"We are continuing to investigate the cybersecurity incident allegations made on June 11, 2026," a California Water Service (Cal Water) spokesperson told Security magazine.
Cal Water’s immediate actions and active investigation
Cal Water says it moved quickly after learning of the claim. "Upon becoming aware of the claim last Thursday, we immediately activated our cybersecurity response plan and launched a robust investigation," the company told Security magazine. The utility added that teams are working "around the clock to investigate" and that the probe is ongoing. Those statements frame the company's posture: rapid escalation, a standing response plan, and sustained investigative activity.
Preliminary findings: no known operational disruptions
Cal Water reported a clear early finding: "Our investigation remains ongoing, but our preliminary findings indicate that there are no known operational disruptions to our water and wastewater systems, including the billing platform." That assessment, offered while the inquiry continues, is the central operational claim in the public record to date.

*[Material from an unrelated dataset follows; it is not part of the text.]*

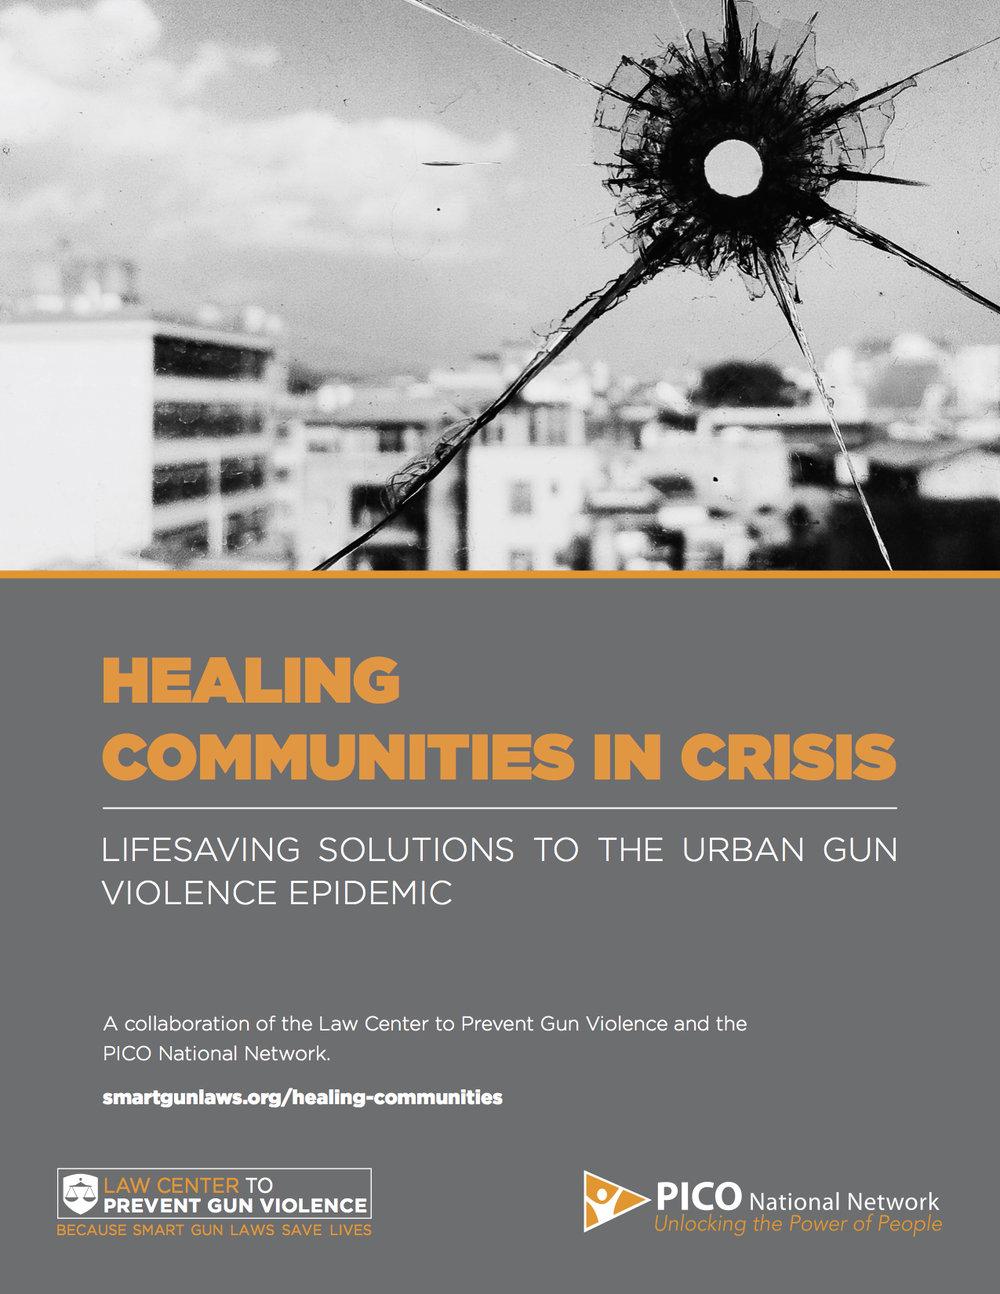 Healing-Communities-in-Crisis.jpg

The claim by Handala and outside skepticism
The incident was triggered by claims that Handala — identified in reporting as "a cyber threat group linked to Iran" — had compromised Cal Water and gained the ability to disturb water supply flow. Cybersecurity experts, according to the reporting, have questioned those assertions, noting Handala’s "tendency to overstate its actions and abilities." In short: a named group asserted control, and independent practitioners immediately urged caution about accepting the claim at face value.
Interagency cooperation and external expertise
Cal Water said it is "working in close collaboration with our state and federal government partners, as well as independent leading external experts." The company also emphasized its existing defensive measures, stating: "As a critical infrastructure company, Cal Water maintains a number of cybersecurity, water system security, and water quality assurance measures to help protect our network and systems from malicious actors." Those two points together — partnership with government and outside experts, and existing protection measures — are the company's public reassurances while investigators continue their work.
How technologists, policymakers, and the public are likely to respond
Technologists and security teams will be watching the ongoing investigation and the outcome of Cal Water’s activated response plan, looking for forensic detail and confirmation of the preliminary finding that operational systems remained intact. Policymakers and regulators, and the state and federal partners Cal Water referenced, will monitor the collaboration Cal Water describes and any formal notifications or incident reports that follow from the inquiry. The public and utility customers will seek reassurance about water service continuity and billing integrity, matters Cal Water expressly said have no known disruptions so far.
For now, the record is straightforward: an allegation appeared on June 11, 2026; Cal Water raised and acted on the alarm last Thursday; the utility has activated its response plan, engaged government and outside experts, and reports no known operational disruptions to water, wastewater, or billing systems as its investigation continues. Cybersecurity experts have urged caution about the original claim, and Cal Water says it "will continue to thoroughly investigate this matter and closely collaborate with our federal and state government partners." Whether the claim by Handala will be substantiated remains the central open question.